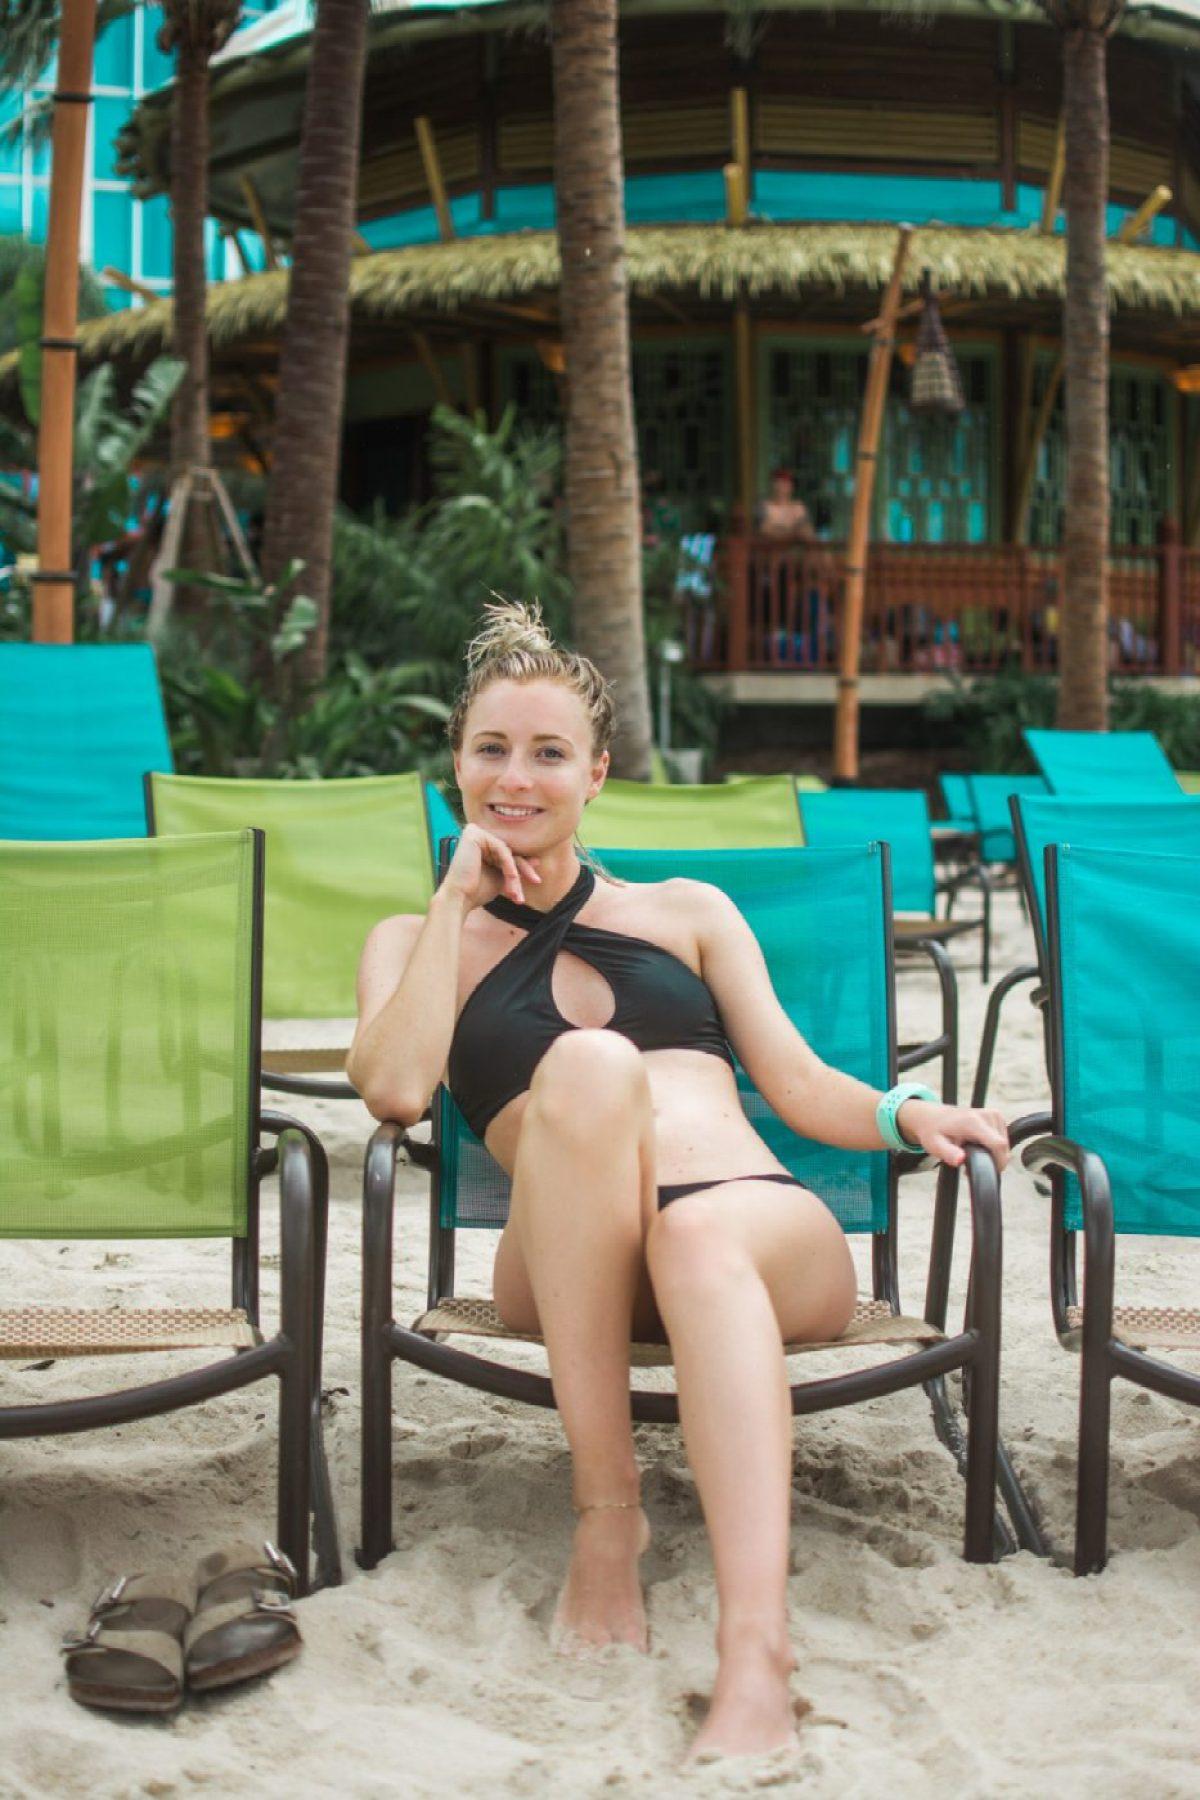 Jenny of Sweet Teal at Volcano Bay
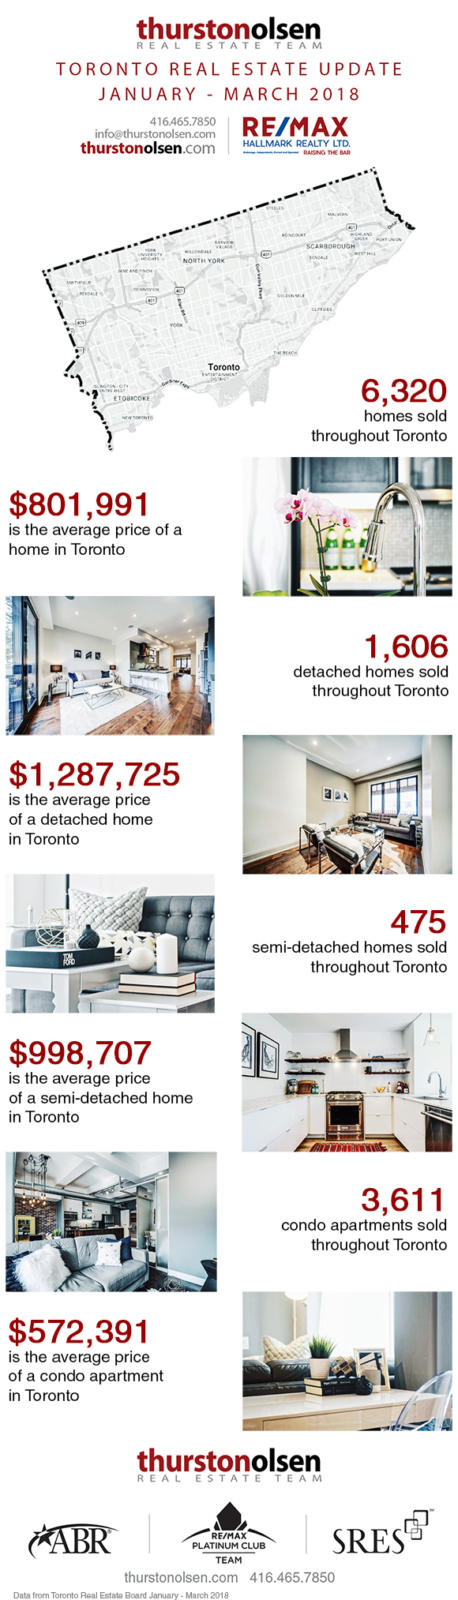 Thurston Olsen Team Toronto Real Estate Update January - March 2018 Q1
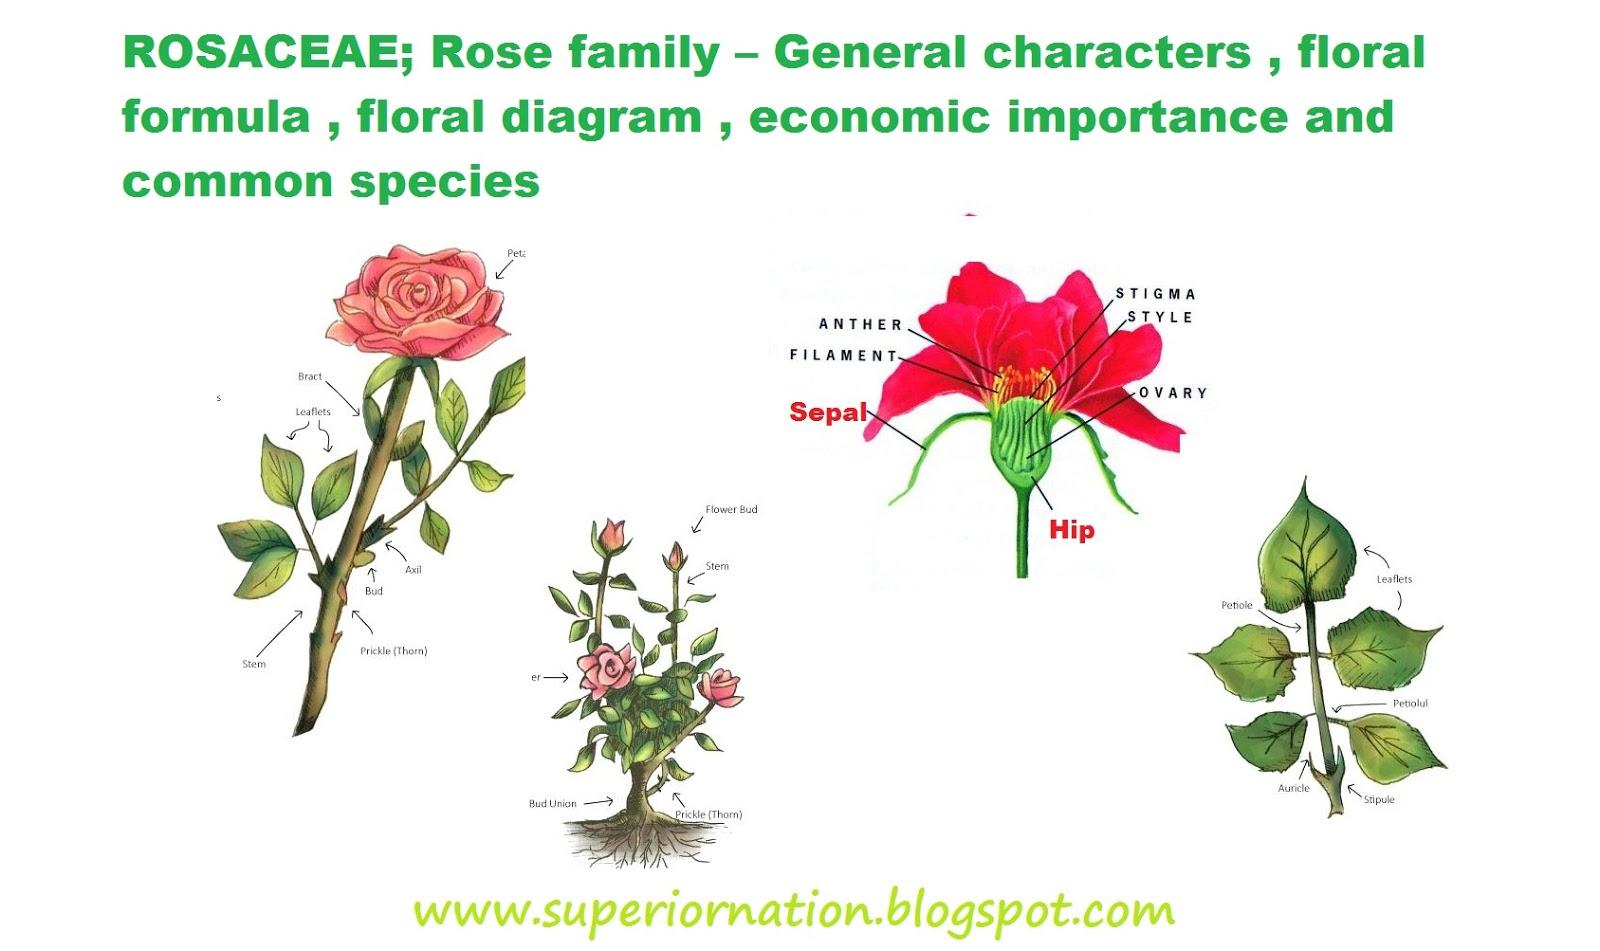 rosaceae rose family general characters floral formula floral diagram economic importance [ 1600 x 951 Pixel ]
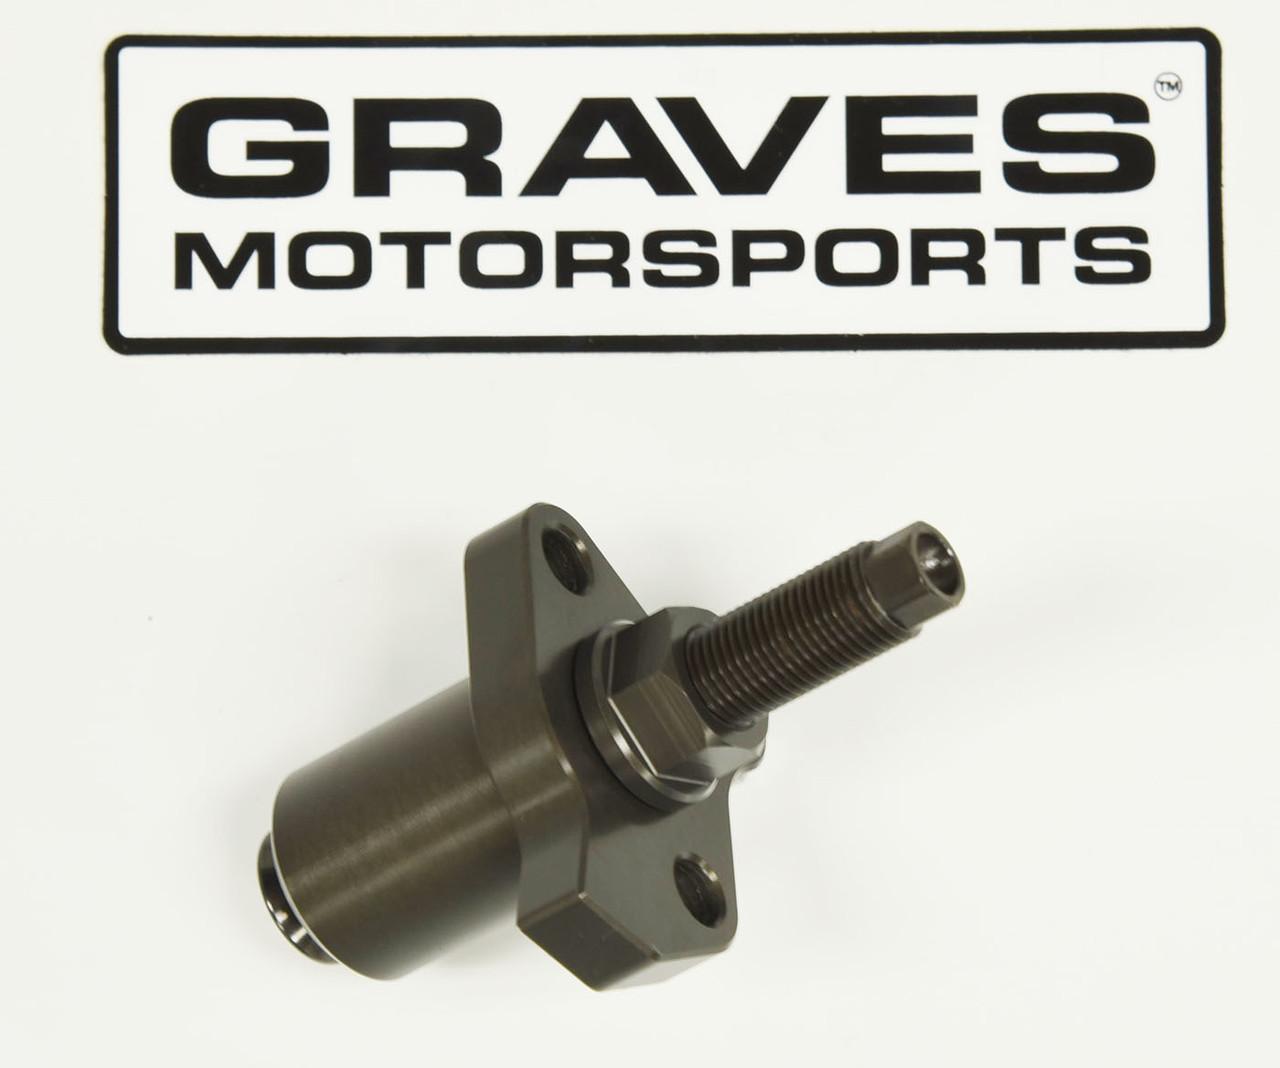 Graves Motorsports Aprilia Rsv4 Tuono Carbon Exhaust
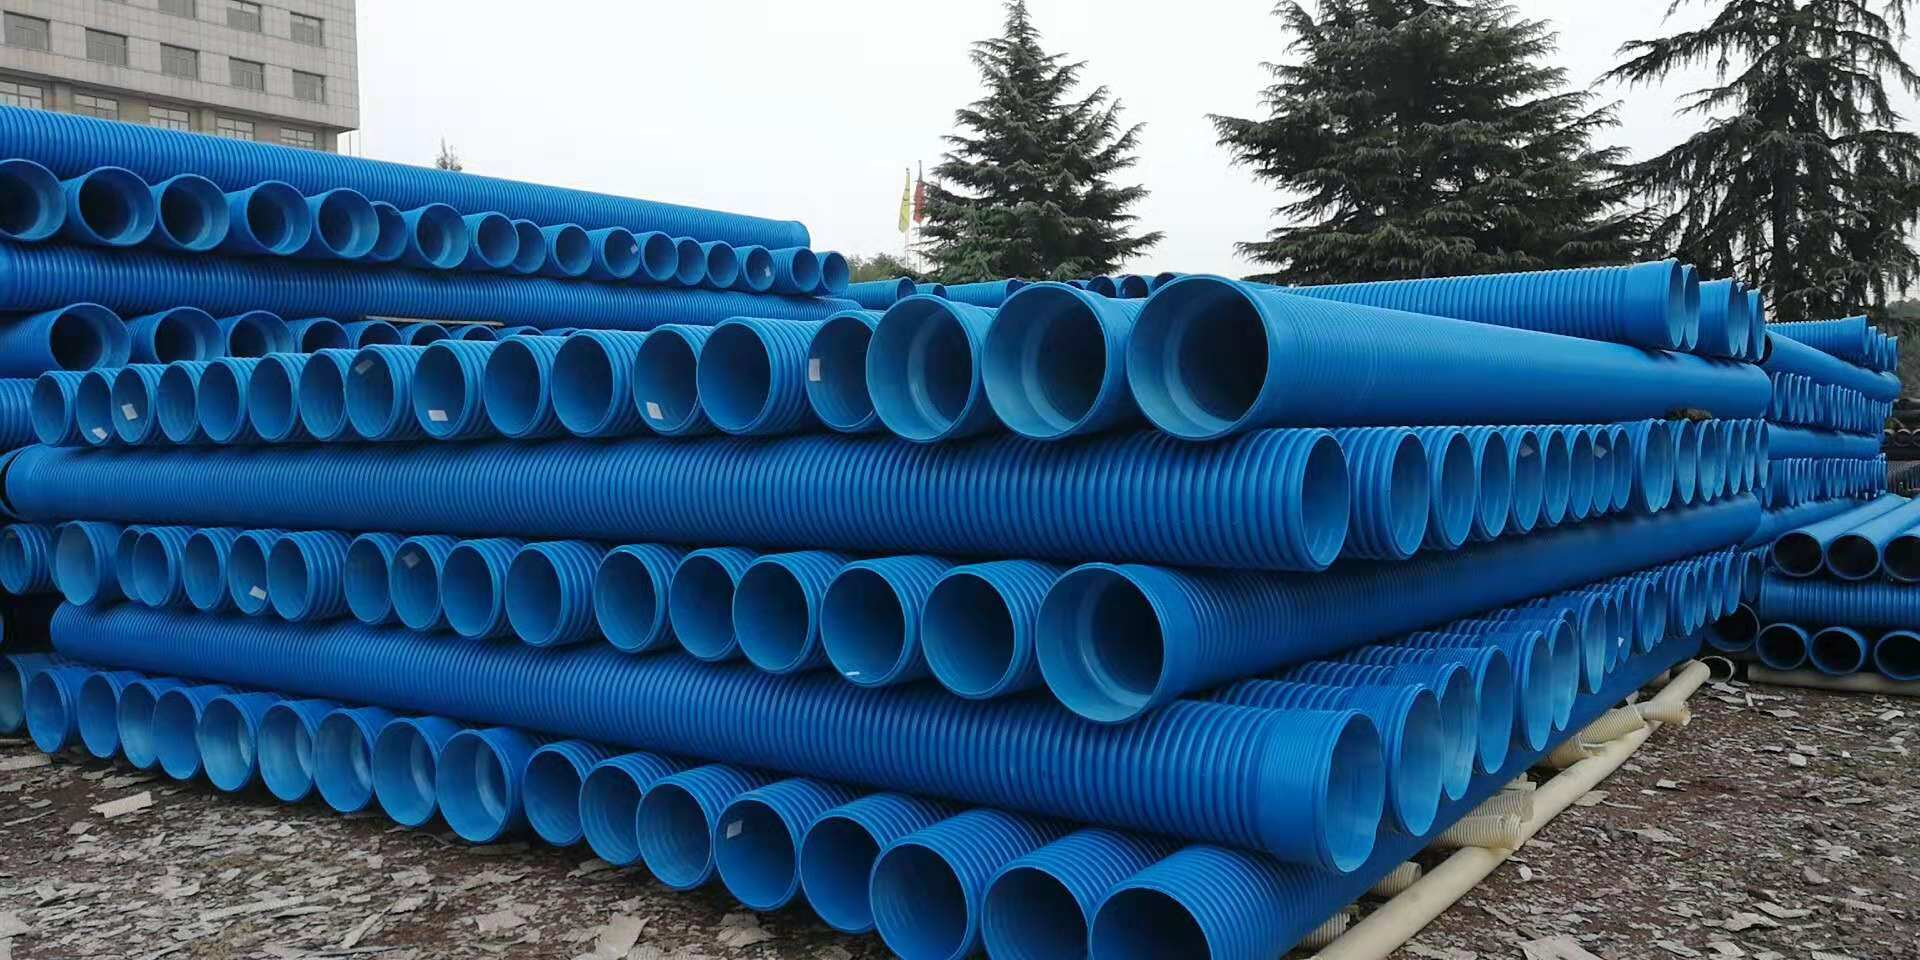 PVC-M增强双壁波纹管相较PVC-U管材的区别

**Goal of the exercise:** An acceptable answer holds exactly the lines from the one with "Graves Motorsports Aprilia" through the end of the entries above, both ends kept, and no pictures at all.

**Result below:**
 Graves Motorsports Aprilia Rsv4 Tuono Carbon Exhaust
 PVC-M增强双壁波纹管相较PVC-U管材的区别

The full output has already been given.